_Work request_: Set down, exactly as written, every line from the top of the records below to the line containing "joker-face-closeup-wallpaper-1920x1080", both ends included, and no others.

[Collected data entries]
****************************************

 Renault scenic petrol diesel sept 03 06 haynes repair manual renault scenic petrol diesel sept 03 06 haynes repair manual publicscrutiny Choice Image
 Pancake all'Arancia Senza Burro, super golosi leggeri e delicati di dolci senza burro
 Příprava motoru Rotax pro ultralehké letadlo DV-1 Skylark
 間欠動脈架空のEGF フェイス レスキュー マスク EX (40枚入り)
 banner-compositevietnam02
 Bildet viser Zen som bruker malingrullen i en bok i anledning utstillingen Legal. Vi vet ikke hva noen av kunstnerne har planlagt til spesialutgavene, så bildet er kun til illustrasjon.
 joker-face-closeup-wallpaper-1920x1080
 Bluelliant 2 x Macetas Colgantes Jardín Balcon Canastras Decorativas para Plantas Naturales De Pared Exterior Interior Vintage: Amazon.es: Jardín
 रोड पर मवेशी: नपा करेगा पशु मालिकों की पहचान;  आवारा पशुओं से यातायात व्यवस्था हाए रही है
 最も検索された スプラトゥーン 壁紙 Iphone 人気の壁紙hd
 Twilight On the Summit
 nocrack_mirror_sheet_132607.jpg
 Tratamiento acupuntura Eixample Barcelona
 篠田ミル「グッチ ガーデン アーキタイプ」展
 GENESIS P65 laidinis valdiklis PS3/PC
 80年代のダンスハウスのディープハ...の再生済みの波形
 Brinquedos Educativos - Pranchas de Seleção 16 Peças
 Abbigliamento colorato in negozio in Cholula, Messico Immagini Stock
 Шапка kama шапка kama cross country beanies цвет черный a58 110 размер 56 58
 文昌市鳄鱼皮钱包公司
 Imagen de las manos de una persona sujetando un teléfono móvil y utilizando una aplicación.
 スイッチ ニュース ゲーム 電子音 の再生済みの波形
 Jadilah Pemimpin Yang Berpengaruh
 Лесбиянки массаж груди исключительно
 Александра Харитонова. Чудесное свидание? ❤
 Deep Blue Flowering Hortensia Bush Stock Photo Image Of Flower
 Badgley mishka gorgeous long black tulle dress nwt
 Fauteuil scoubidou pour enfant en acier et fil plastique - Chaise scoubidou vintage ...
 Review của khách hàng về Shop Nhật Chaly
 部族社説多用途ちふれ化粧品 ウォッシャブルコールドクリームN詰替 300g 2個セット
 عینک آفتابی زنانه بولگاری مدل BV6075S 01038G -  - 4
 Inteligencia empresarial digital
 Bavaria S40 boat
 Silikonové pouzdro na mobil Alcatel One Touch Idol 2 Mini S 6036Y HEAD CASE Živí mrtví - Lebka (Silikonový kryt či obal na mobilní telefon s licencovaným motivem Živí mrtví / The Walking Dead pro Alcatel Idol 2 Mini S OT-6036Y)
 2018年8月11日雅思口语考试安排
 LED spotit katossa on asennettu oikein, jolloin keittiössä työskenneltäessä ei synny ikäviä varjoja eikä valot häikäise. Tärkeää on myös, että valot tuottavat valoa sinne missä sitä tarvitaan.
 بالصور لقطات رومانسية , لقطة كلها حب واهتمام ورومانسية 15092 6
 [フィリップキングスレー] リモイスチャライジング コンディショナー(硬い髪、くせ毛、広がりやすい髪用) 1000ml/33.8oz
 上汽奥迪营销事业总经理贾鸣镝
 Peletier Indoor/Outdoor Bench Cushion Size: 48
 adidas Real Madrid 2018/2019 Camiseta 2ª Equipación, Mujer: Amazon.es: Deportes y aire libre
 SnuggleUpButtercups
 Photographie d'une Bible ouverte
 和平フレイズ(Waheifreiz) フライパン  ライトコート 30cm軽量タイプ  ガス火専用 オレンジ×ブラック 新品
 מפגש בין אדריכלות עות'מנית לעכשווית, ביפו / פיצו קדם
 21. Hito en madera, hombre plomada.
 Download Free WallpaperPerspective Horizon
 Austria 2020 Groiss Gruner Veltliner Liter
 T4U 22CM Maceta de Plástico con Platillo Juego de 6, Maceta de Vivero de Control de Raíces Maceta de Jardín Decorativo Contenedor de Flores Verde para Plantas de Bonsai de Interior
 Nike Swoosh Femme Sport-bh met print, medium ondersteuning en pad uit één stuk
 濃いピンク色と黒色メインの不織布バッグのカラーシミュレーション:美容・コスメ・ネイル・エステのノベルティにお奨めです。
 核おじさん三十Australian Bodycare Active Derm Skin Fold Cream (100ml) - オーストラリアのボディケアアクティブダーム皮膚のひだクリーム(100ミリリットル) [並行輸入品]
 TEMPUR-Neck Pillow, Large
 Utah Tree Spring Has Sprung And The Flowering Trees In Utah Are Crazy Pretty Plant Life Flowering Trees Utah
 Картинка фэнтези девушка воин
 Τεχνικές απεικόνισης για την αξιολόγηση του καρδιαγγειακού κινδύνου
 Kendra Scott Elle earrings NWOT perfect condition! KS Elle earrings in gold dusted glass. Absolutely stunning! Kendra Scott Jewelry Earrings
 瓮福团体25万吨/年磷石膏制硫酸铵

****************************************

_Task solution_:
 Renault scenic petrol diesel sept 03 06 haynes repair manual renault scenic petrol diesel sept 03 06 haynes repair manual publicscrutiny Choice Image
 Pancake all'Arancia Senza Burro, super golosi leggeri e delicati di dolci senza burro
 Příprava motoru Rotax pro ultralehké letadlo DV-1 Skylark
 間欠動脈架空のEGF フェイス レスキュー マスク EX (40枚入り)
 banner-compositevietnam02
 Bildet viser Zen som bruker malingrullen i en bok i anledning utstillingen Legal. Vi vet ikke hva noen av kunstnerne har planlagt til spesialutgavene, så bildet er kun til illustrasjon.
 joker-face-closeup-wallpaper-1920x1080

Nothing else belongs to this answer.